Resignation for "Good Reason" shall mean the resignation of the Executive after
the following: (A) notice in writing is given to Executive of Executive's
relocation, without the Executive's consent, to a place of business outside the
Greater Puget Sound area, or (B) a substantial diminution of the Executive's
responsibilities and compensation from those responsibilities in effect on the
date hereof.
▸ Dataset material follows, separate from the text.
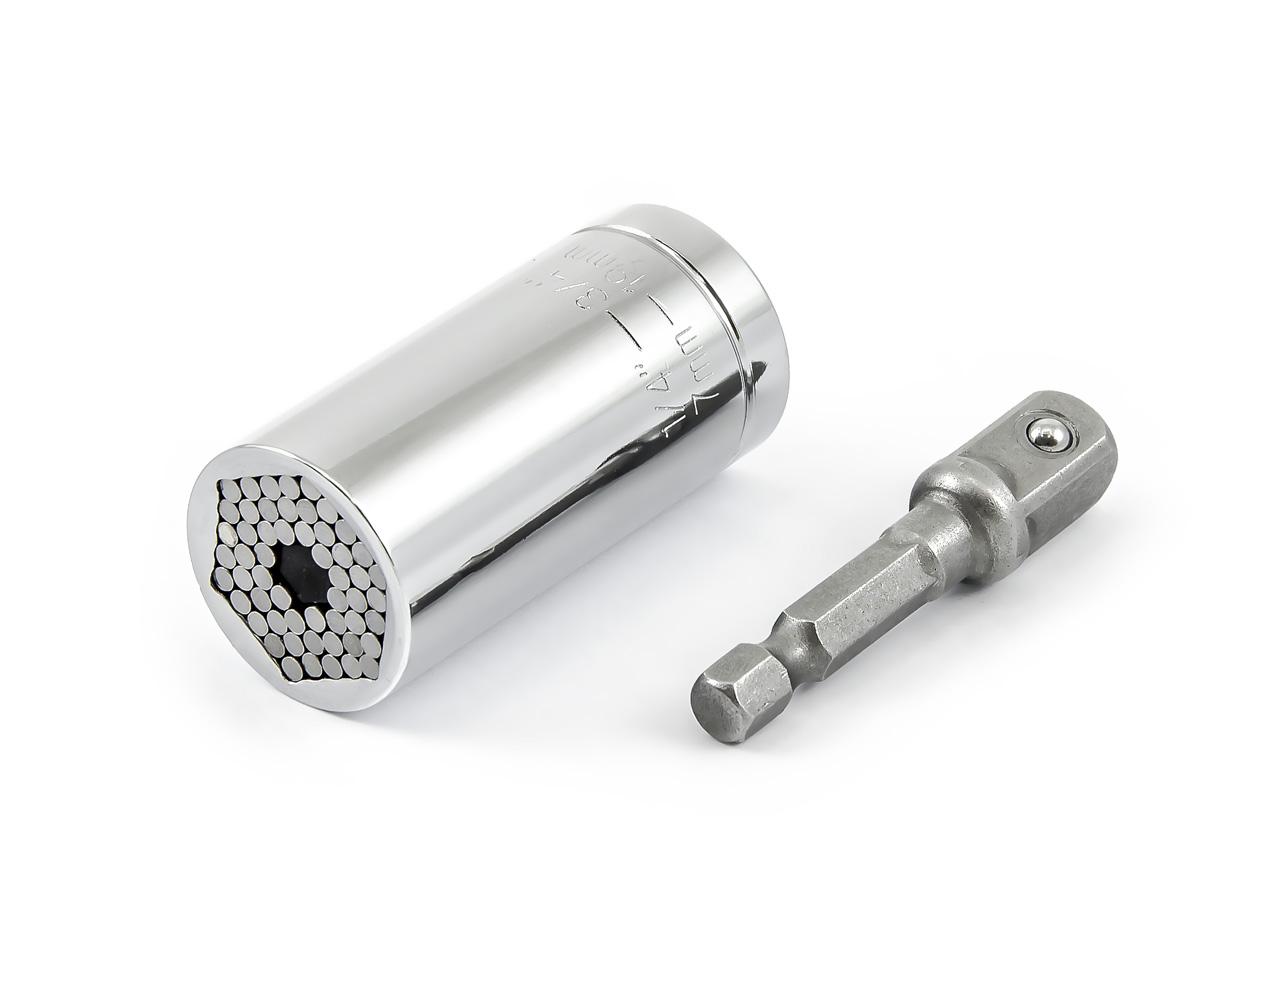 Univerzální nástavcový gola klíč 7 - 19mm
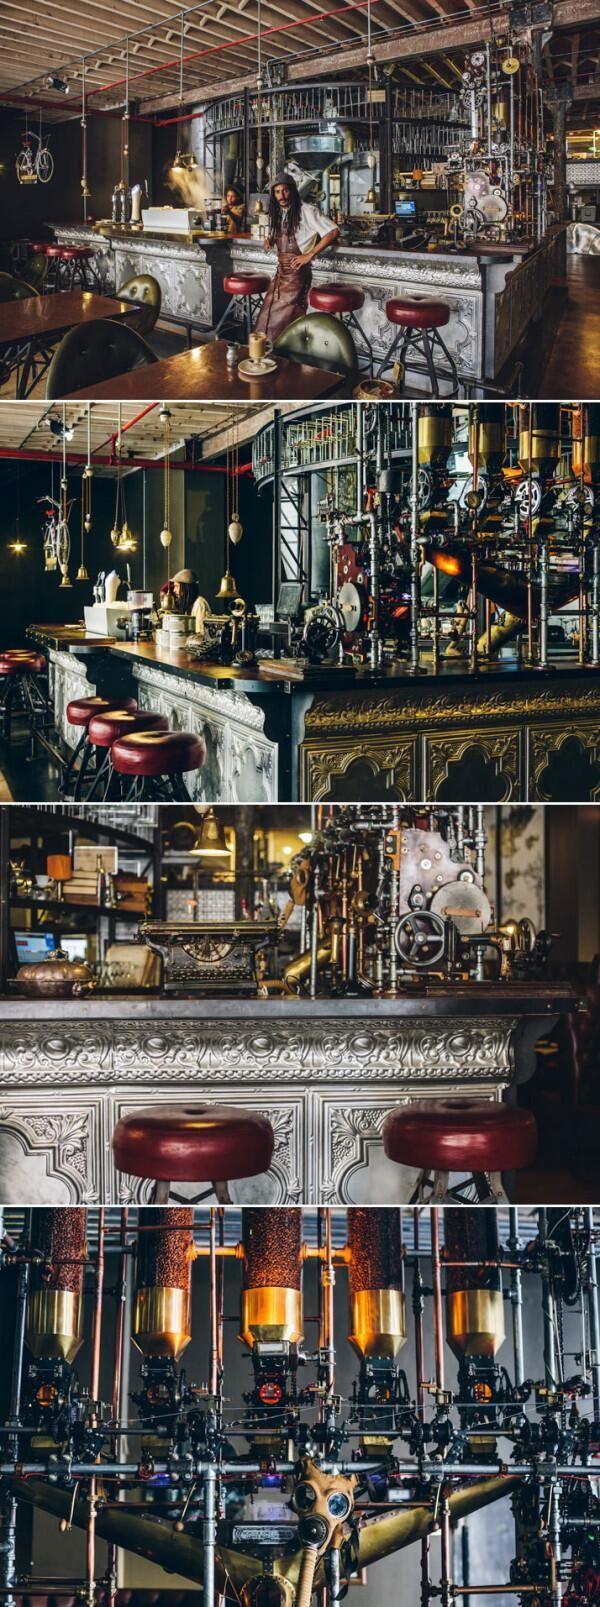 南アフリカのケープタウンにあるスチームパンクなコーヒーショップ  (via via http://www.yatzer.com/truth-coffee-cape-town…) pic.twitter.com/WxXl8HsIk9

A change in title or any alterations in Executive's
responsibilities which CTI imposes in response to any unsatisfactory or
unacceptable work performed by Executive shall not constitute a basis for
"Resignation for Good Reason" under this Agreement, except in the event of the
occurrence of a Change in Control.
"Severance Date" shall mean the date specified in a written notice of
termination from CTI to the Executive or the date which is the later of CTI's
actual receipt of Executive's written notice of resignation or the effective
date of resignation.
"Severance End Date" shall mean a date one (1) year from the Executive's
Severance Date.
"Severance Pay" shall only mean the Executive's base salary at the Severance
Rate.
"Severance Rate" shall mean only the Executive's base salary in effect
immediately prior to the Severance Date and shall not include any commissions or
bonuses (unless already determined and awarded prior to the Severance Date),
vacation pay, sick leave, or the like whatsoever.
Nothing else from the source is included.